Task requirements> Your answer must be an exact copy of the listing that follows, with all pictures omitted.

Provided material>
#####

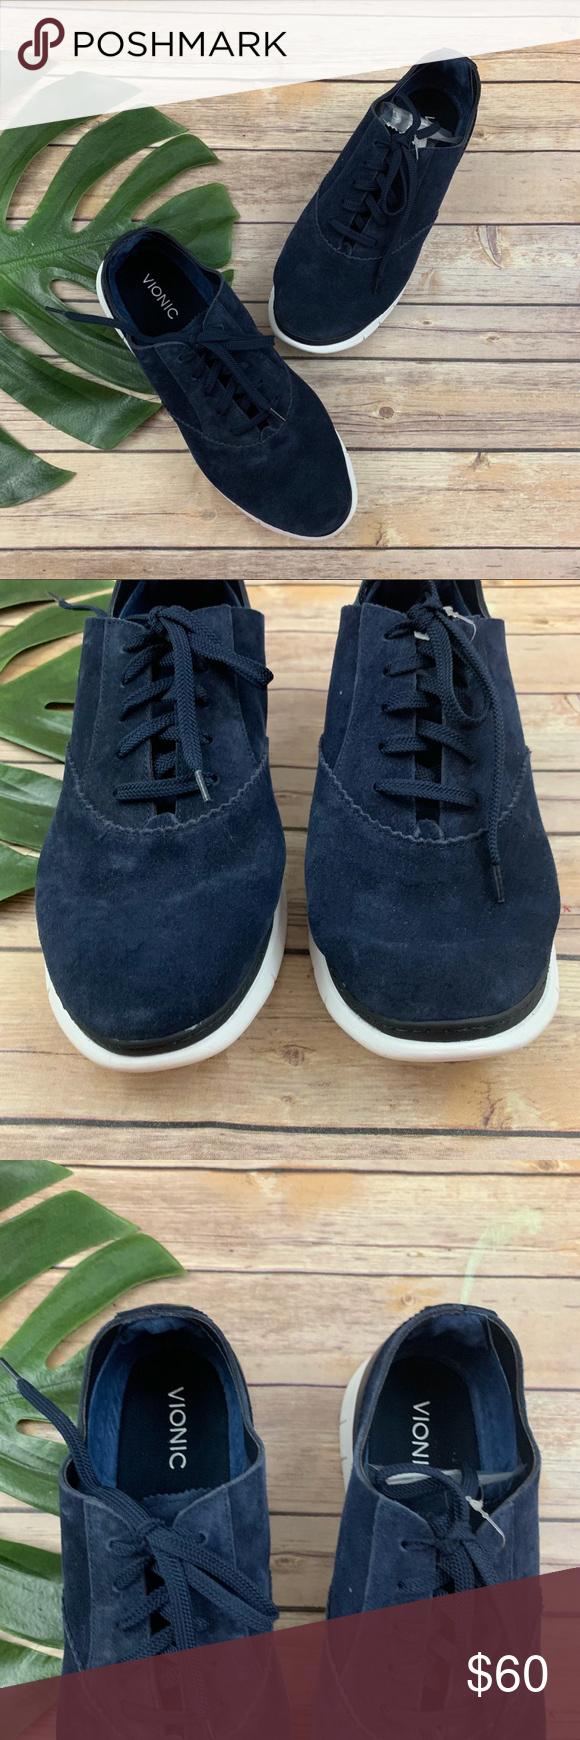 Vionic navy blue suede comfort sneakers
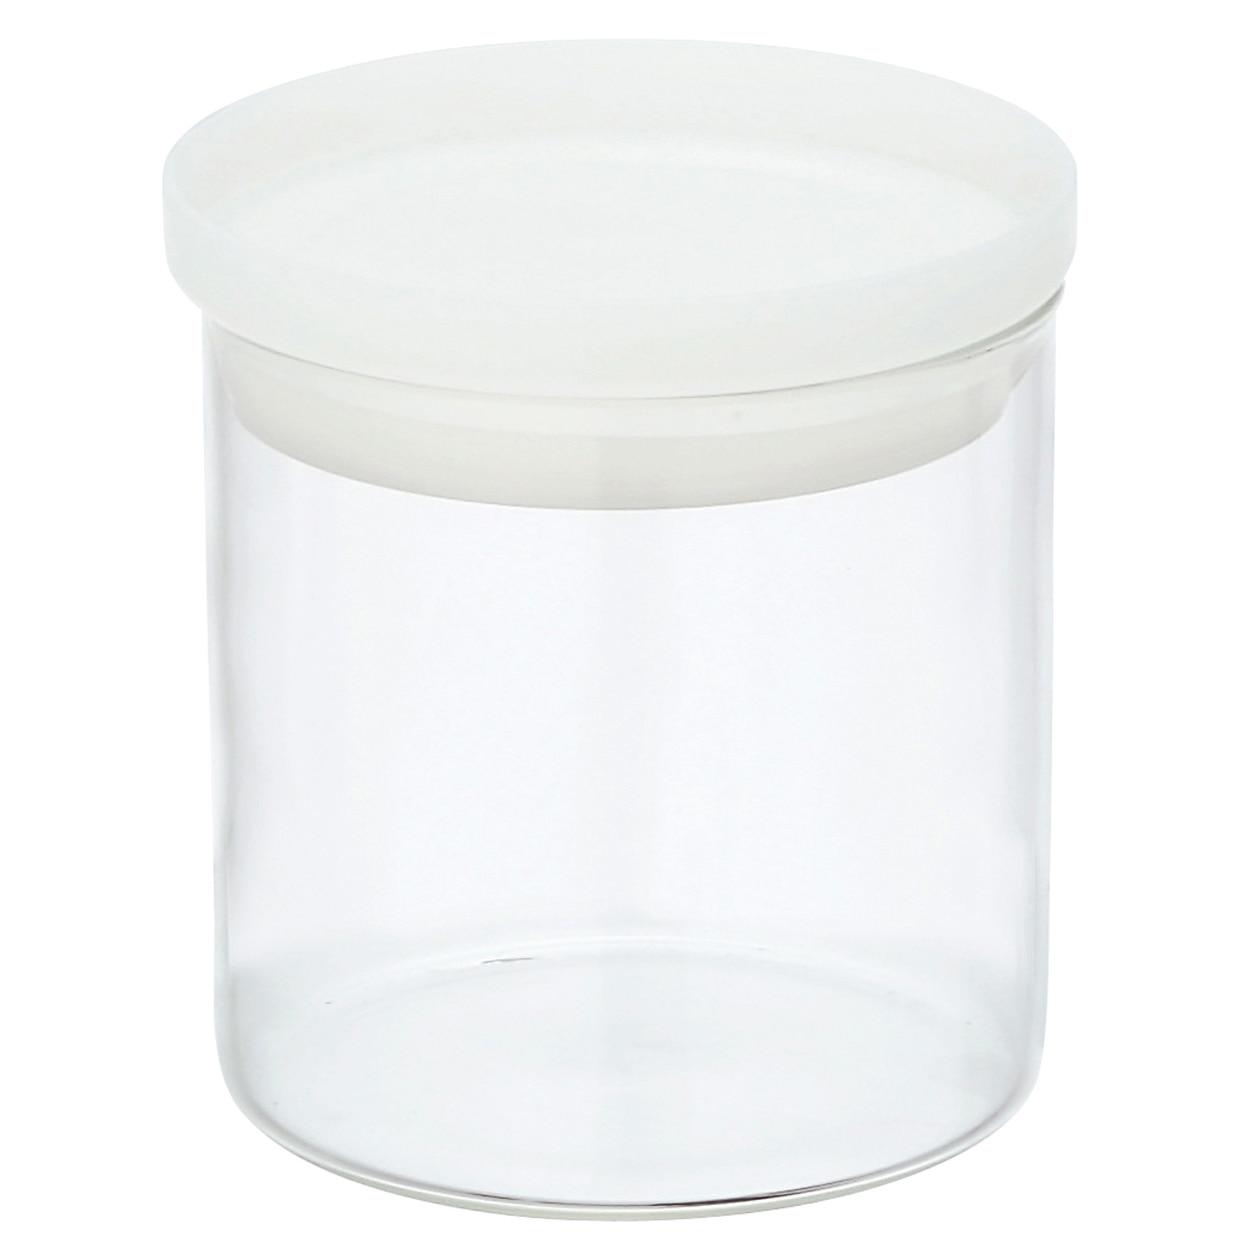 耐熱ガラス丸型保存容器 3
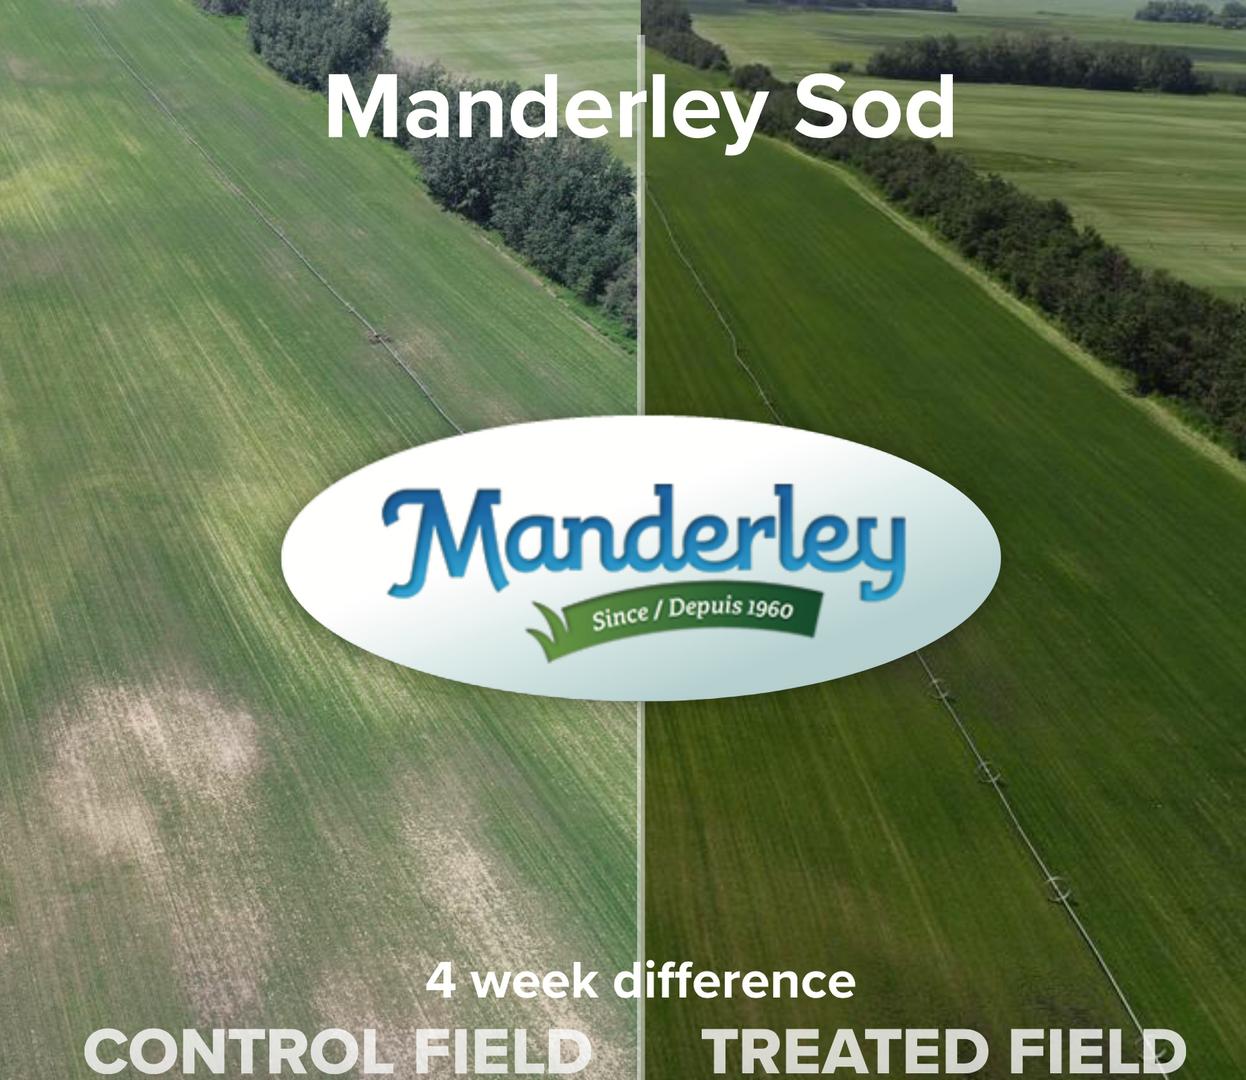 Manderley Sod.png
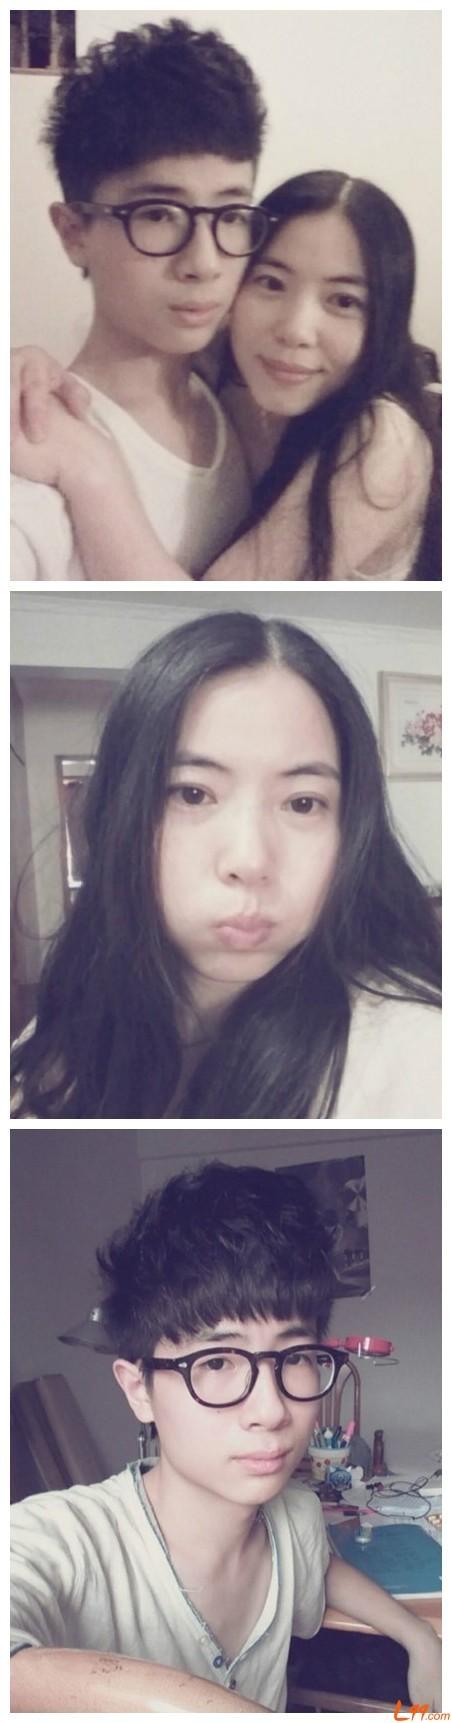 王纪庭的妈妈_采访得知,王纪庭今年16岁,照片中的女士的确是他的妈妈,平时看起来也

#####

Answer below>
 Vionic navy blue suede comfort sneakers
 耐熱ガラス丸型保存容器 3
 Manderley Sod.png
 王纪庭的妈妈_采访得知,王纪庭今年16岁,照片中的女士的确是他的妈妈,平时看起来也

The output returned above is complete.